= Frans Krafft =

Frans (or François, Francesco, Franciscus) Krafft (17 February 1729 in Brussels – 13 January 1795 in Ghent) was a composer, organist and director in the Austrian Netherlands (the current Belgium). He was organist at the Saint Bavo Cathedral in Ghent from 1769 to 1794. He is sometimes erroneously named Frans-Joseph, but that is actually his elder brother, born in 1721. He is not to be confused with his cousin, also named Frans Krafft and also born in Brussels in 1733, who later moved to Germany.

==Biography==
Little is known of his life. His father, Jan-Laurens Krafft, was a poet, writer, music publisher and composer of German descent. Frans Krafft was active as a musician and printer in Brussels from 1747 onwards. He may have studied composition under Francesco Durante in Italy, where he won a prize with the motet In convertendo.
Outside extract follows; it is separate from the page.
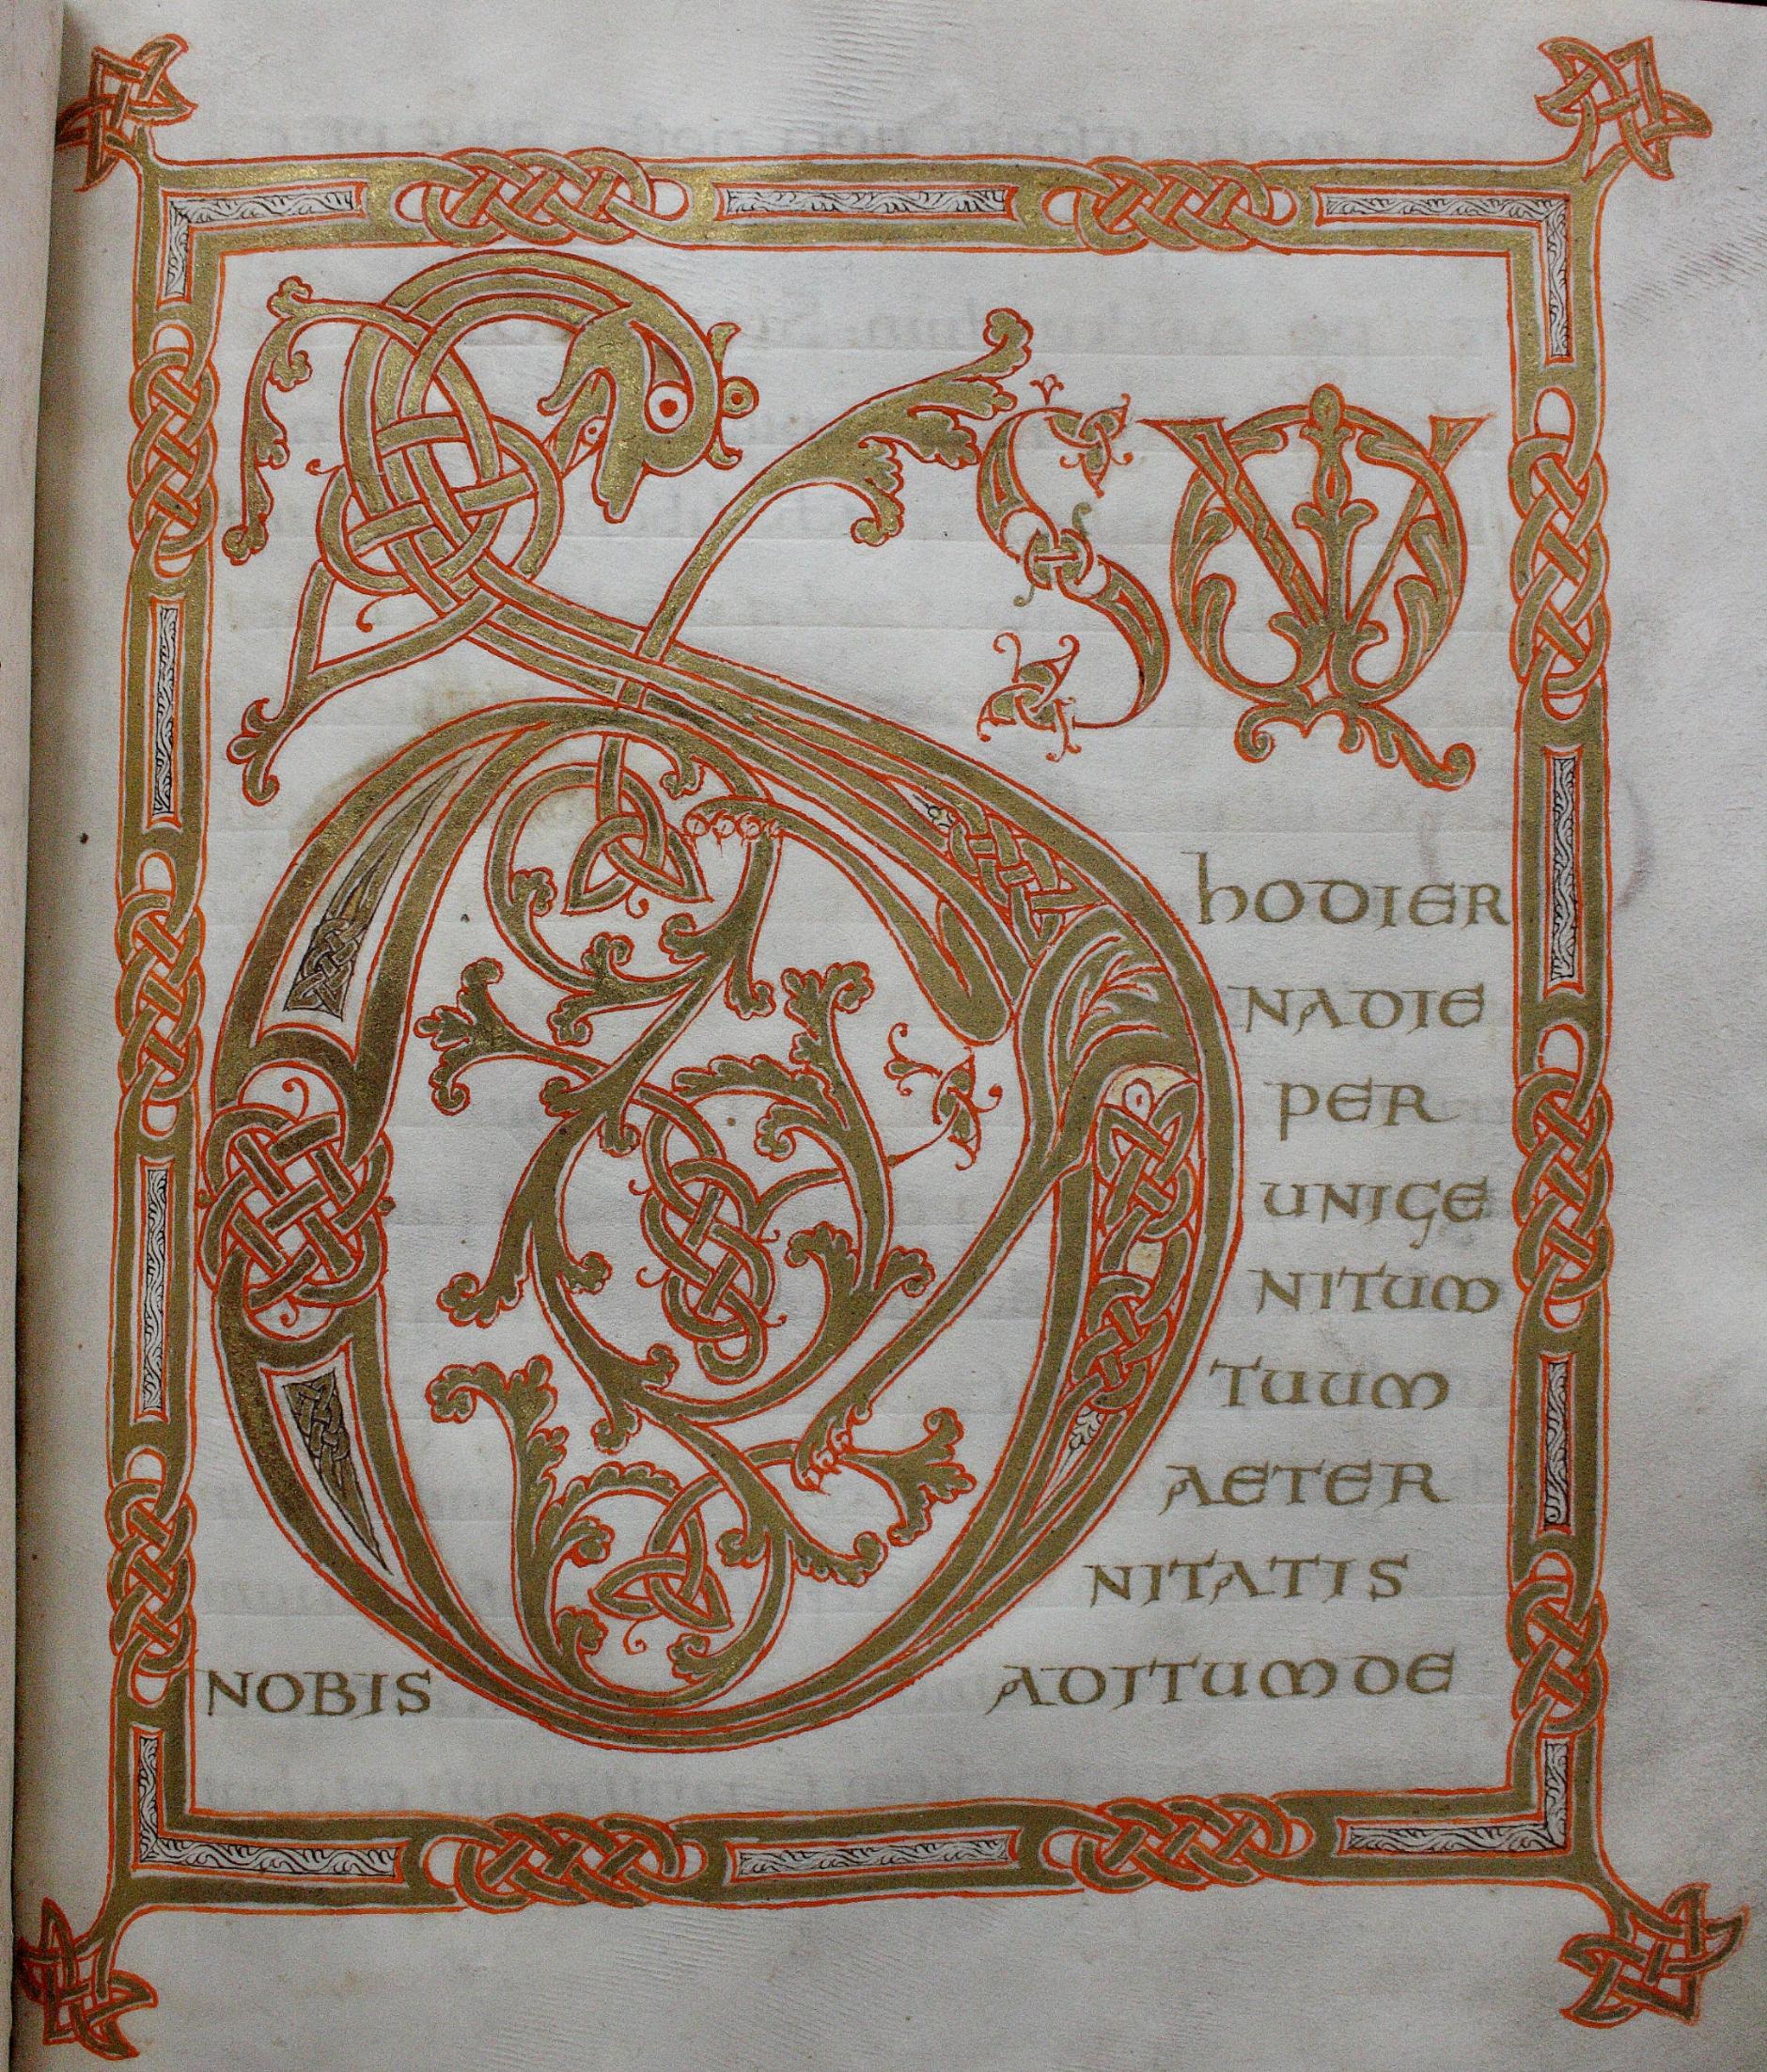 Seite aus dem Sakramentar aus Mainz, St. Alban - 9./10. Jh. (c) Martinus-Bibliothek

L'Echo, a music magazine from Liège, published some thirty arias by him between 1758 and 1769, two of which from his opera Le faux astrologue – in 1763 performed in Dutch as Den valschen Astrologant. He is mentioned from 1761 to 1768 as composer, organist and keyboard teacher in the Brussels Almanach nouveau – ou Le guide fidèle. On 7 April 1769 he is appointed organist to the Saint Bavo Cathedral in Ghent, a post he held until 23 August 1794, a few months before his death. At the time of this appointment, he was already well reputed in the Netherlands, with main works performed in churches of major towns like Kortrijk and Leuven.

==Works==
- Opera Le faux astrologue or Den valschen Astrologant (1763)
- 3 Motetta
  - Eripe me (a minor, for soprano and strings),
  - Ecce Panis (G major, for soloist, mixed choir and organ),
  - Benedicamus Domino (C major, mixed choir).
- 7 Antiphonae pro tempore Adventus, 1793, g minor, mixed choir and organ.
  - O Sapientia
  - O Adonai
  - O Radix Jesse
  - O Clavis David
  - O Oriens
  - O Rex Gentium
  - O Emmanuel
- Psalmmotetten
  - De Profundis
  - Levavi oculos meos
- Bavonem socio (Hymn for the feast of Saint Bavo) (d minor, mixed choir and basso continuo).
- Et vos beata (Hymn for All Saints) (D major, mixed choir and basso continuo).
- Jesu redemptor omnium (Hymn for Christmas Eve) (C major, mixed choir and basso continuo)
- 7 keyboard pieces for organ or cembalo (of which 3 unfinished), 1766
- 3 Magnificats (C maj., F maj., G maj., mixed choir and organ)
- Mis in F (mixed choir, organ and serpent)
- Missa a tre canti primae classis, (3 soloists, mixed choir and basso continuo).
- Missa di Requiem (E flat maj., mixed choir and organ), 1765
- Missa in Sabbato Sancto (G major, mixed choir and organ)
- Mis in g klein (mixed choir and organ)
- Motet Beatus Vir, (D maj., four soloist, mixed choir and orchestra)
- A Solis Ortu (only soprano part subsists)
- Super flumina Babylonis (g min., for soloists, mixed choir, strings and basso continuo)
- Tu lumen et splendor (Hymn for Christmas Eve) (D maj., mixed choir and organ)
- Motet in exitu Israel

The 20th century Flemish composer Herman Roelstraete has revised, reconstructed, edited and published many of Krafft's works.